Чтобы поглумиться над замученными ямщиками, почтальонами, возчиками и лошадями, кто-то распорядился насыпать по сторонам дороги кучи кирпичного мусора и камня. Это для того, чтобы каждую минуту напоминать, что в скором времени дорога будет еще хуже. Говорят, что в городах и селах, по сибирскому тракту, живут люди, которые получают жалованье за то, что починяют дорогу. Если это правда, то надо прибавить им жалованья, чтобы они, пожалуйста, не трудились починять, так как от их починок дорога становится всё хуже и хуже. По словам крестьян, ремонт дороги, вроде Козульской, производится так. В конце июня или в начале июля, в самый сезон мошкары – местной египетской казни, «сгоняют» из сел народ и велят ему засыпать высохшие колеи и ямы хворостом, кирпичным мусором и камнем, который стирается между пальцами в порошок; ремонт продолжается до конца лета. Потом идет снег и покрывает дорогу ухабами, единственными в свете, укачивающими до морской болезни; потом весна и грязь, потом опять ремонт – и так из года в год.

До Томска мне пришлось познакомиться с одним заседателем и проехать вместе с ним две-три станции.[33] Помнится, когда мы сидели в избе у какого-то еврея и ели уху из окуней, вошел сотский и доложил заседателю, что в таком-то месте дорога совсем испортилась и что дорожный подрядчик не хочет починять ее…

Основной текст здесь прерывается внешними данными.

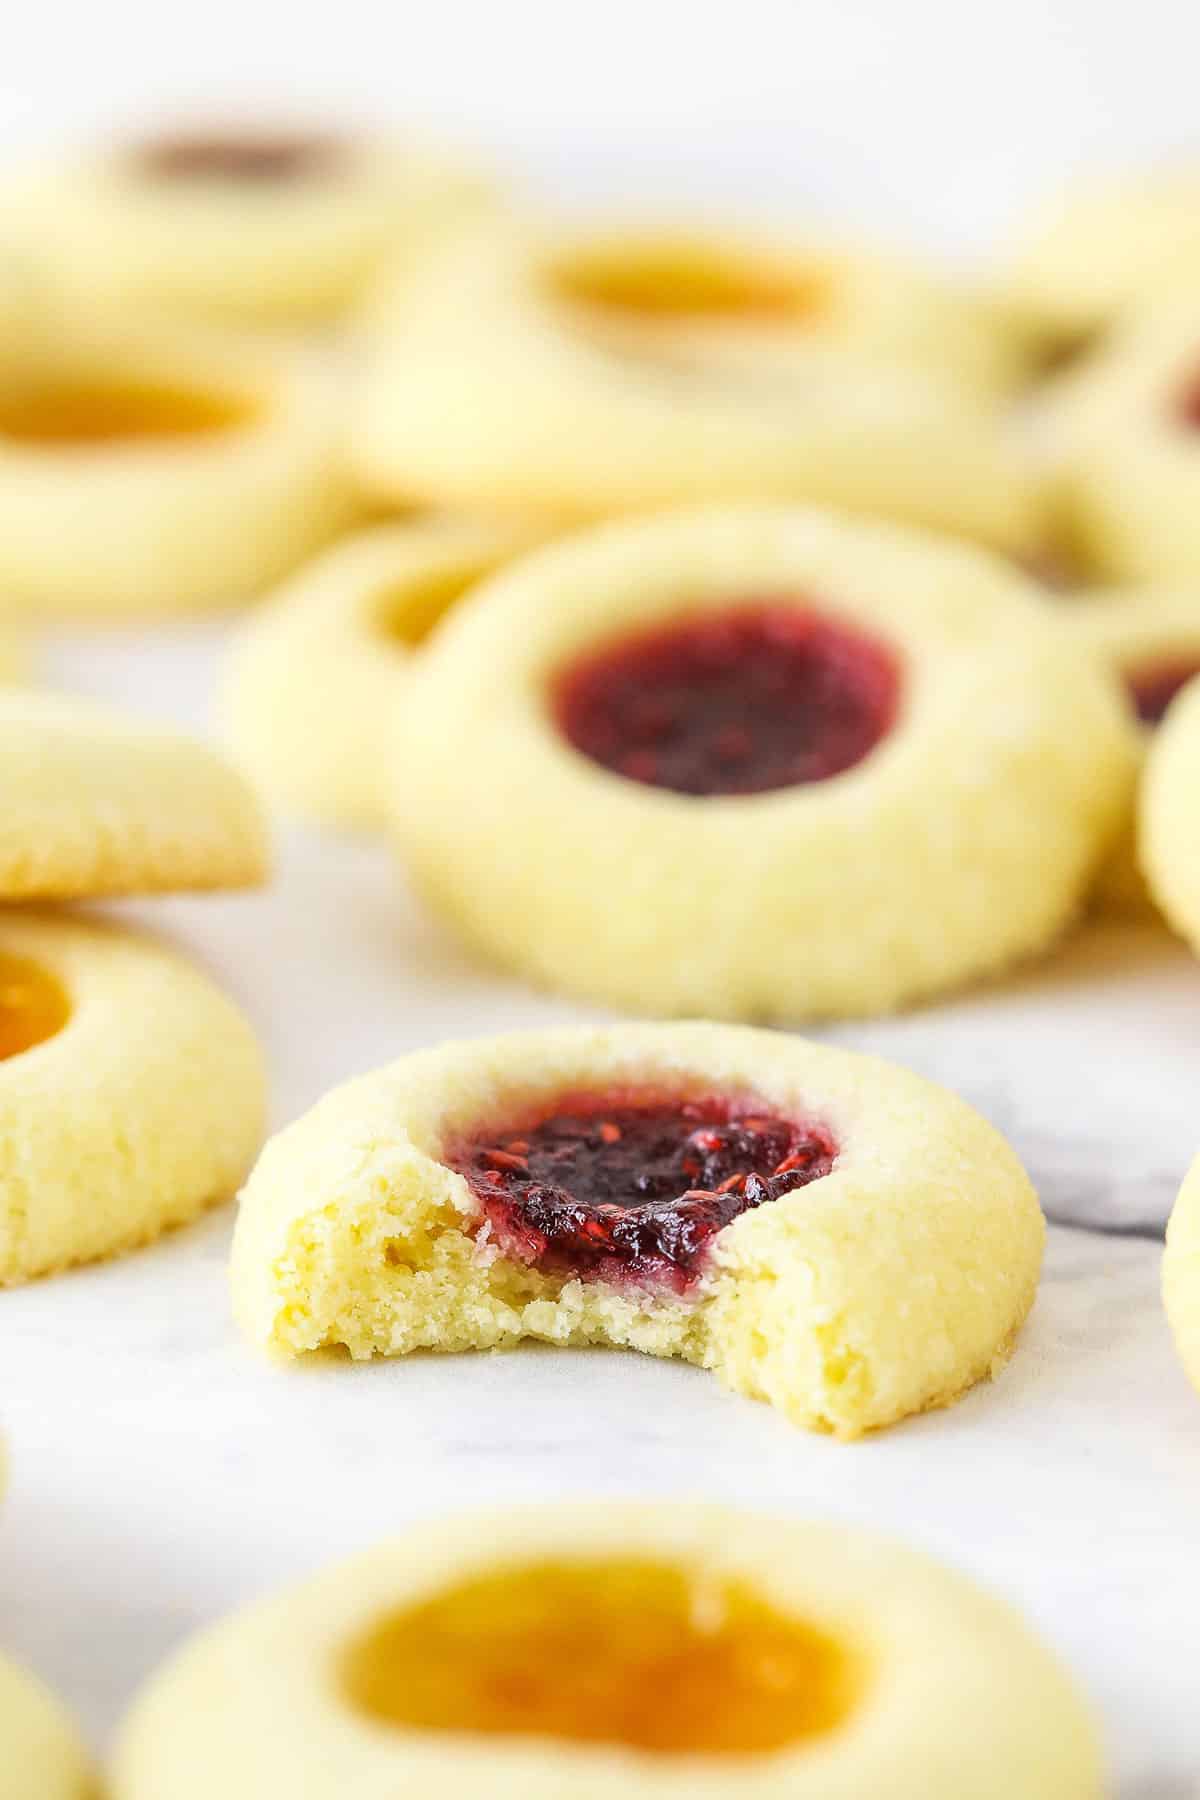 Soft Cookies with a Fresh Jam Filling

– Позови его сюда! – распорядился заседатель.

Немного погодя вошел маленький мужичонко, лохматый, с кривой физиономией. Заседатель сорвался со стула и бросился на него…

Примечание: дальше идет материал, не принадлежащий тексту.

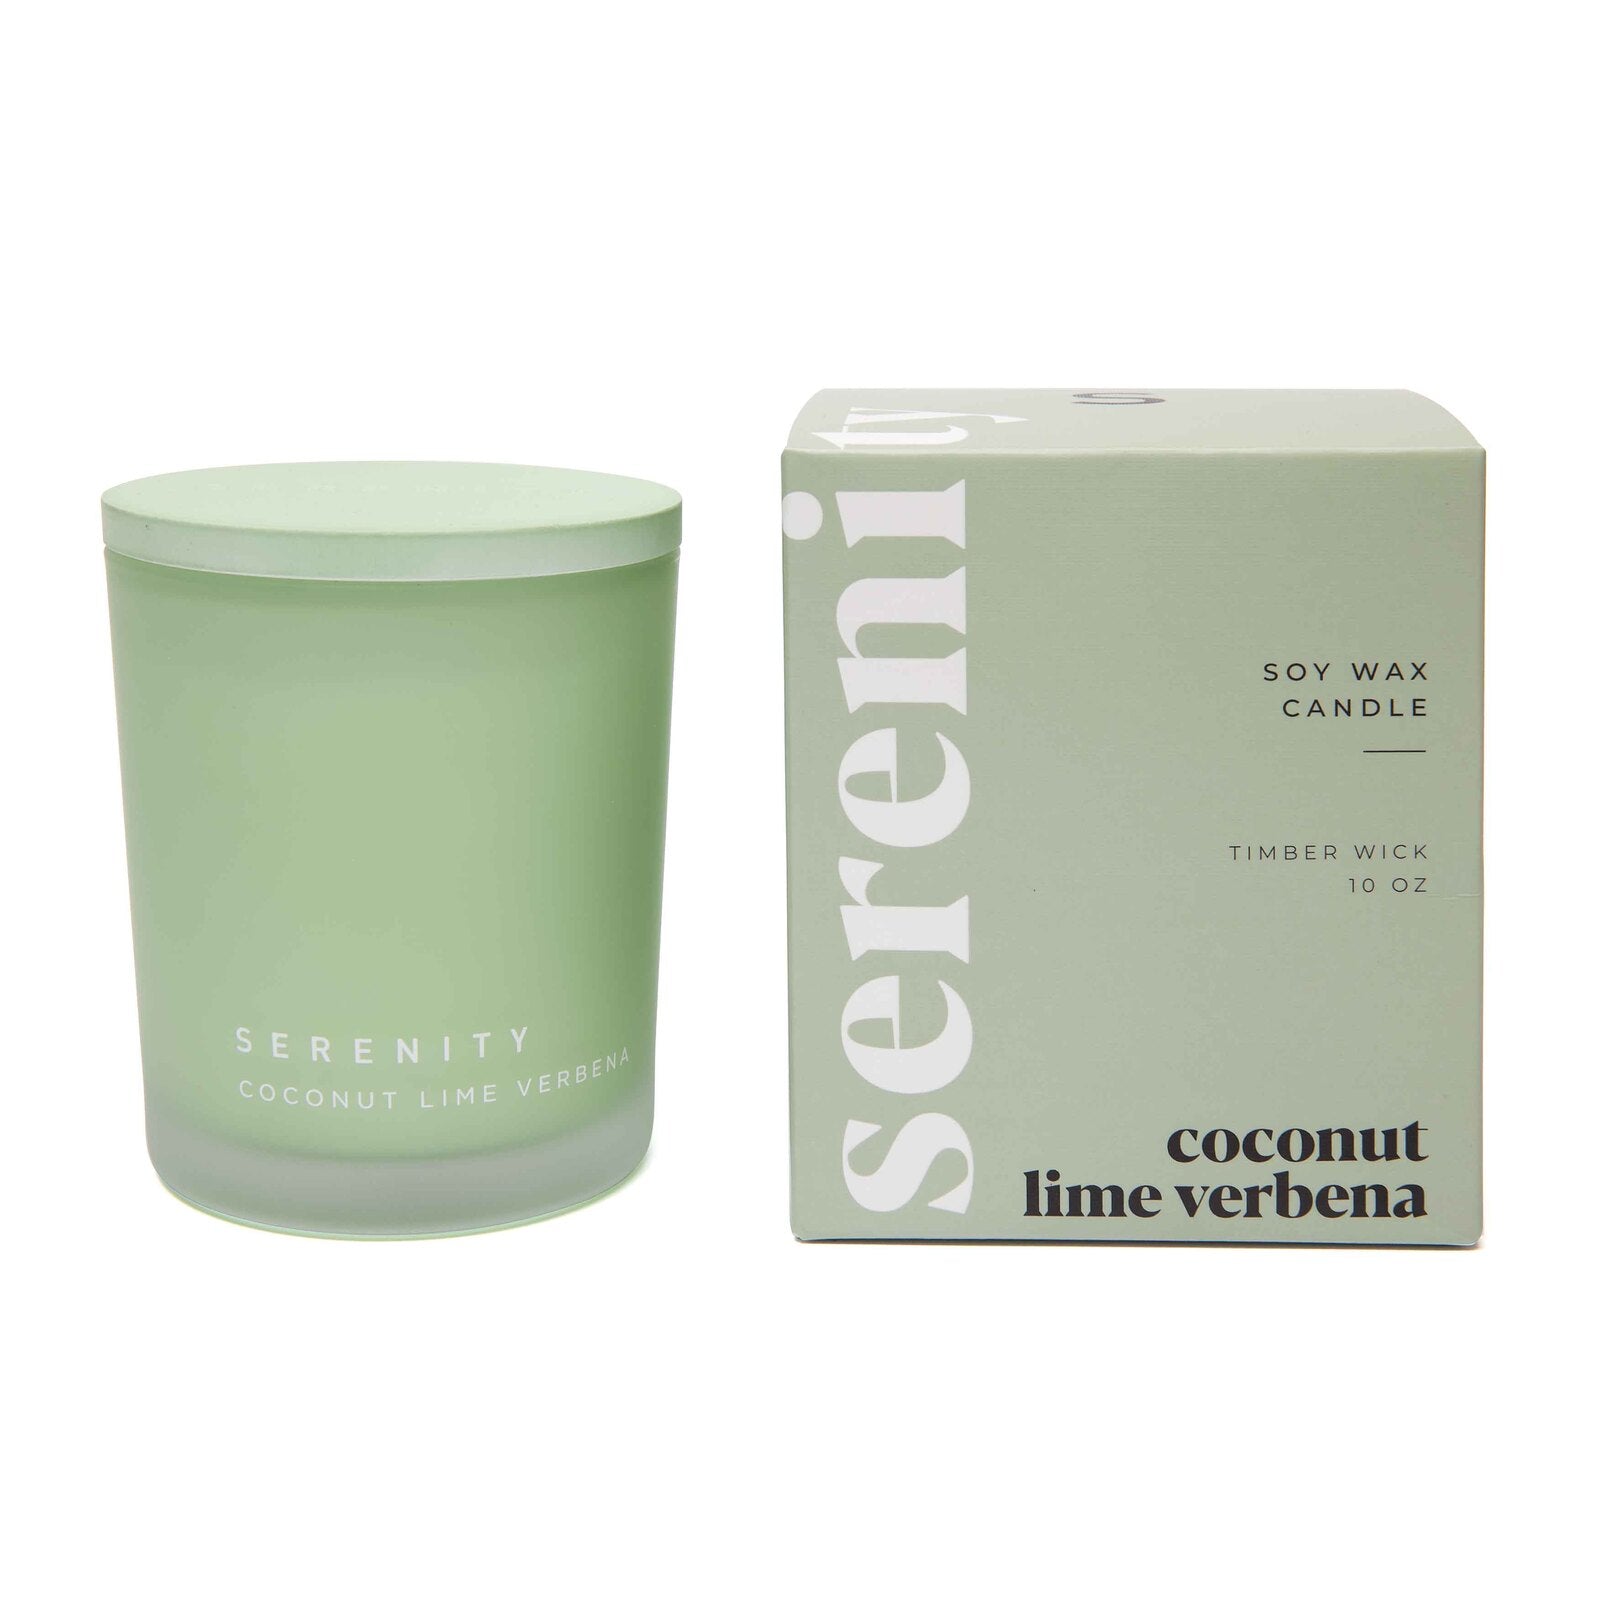 Coconut Lime Verbena Serenity Scented Jar Candle

– Ты как же смеешь, подлец, не починять дорогу? – стал он кричать плачущим голосом. – По ней проехать нельзя, шеи ломают, губернатор пишет, исправник пишет, я выхожу у всех виноват, а ты, мерзавец, язви твою душу, анафема, окаянная твоя рожа, – что смотришь? А? Гадина ты этакая! Чтоб завтра же была починена дорога! Завтра буду ехать назад, и если увижу, что дорога не починена, то я тебе рожу раскровеню, искалечу разбойника! Пош-шел вон!

Мужичонко заморгал глазами, вспотел, сделал лицо еще кривее и юркнул в дверь. Заседатель вернулся к столу, сел и сказал, улыбаясь:

– Да, конечно, после петербургских и московских вам здешние женщины не могут понравиться, но если хорошенько поискать, то и здесь можно найти девочку…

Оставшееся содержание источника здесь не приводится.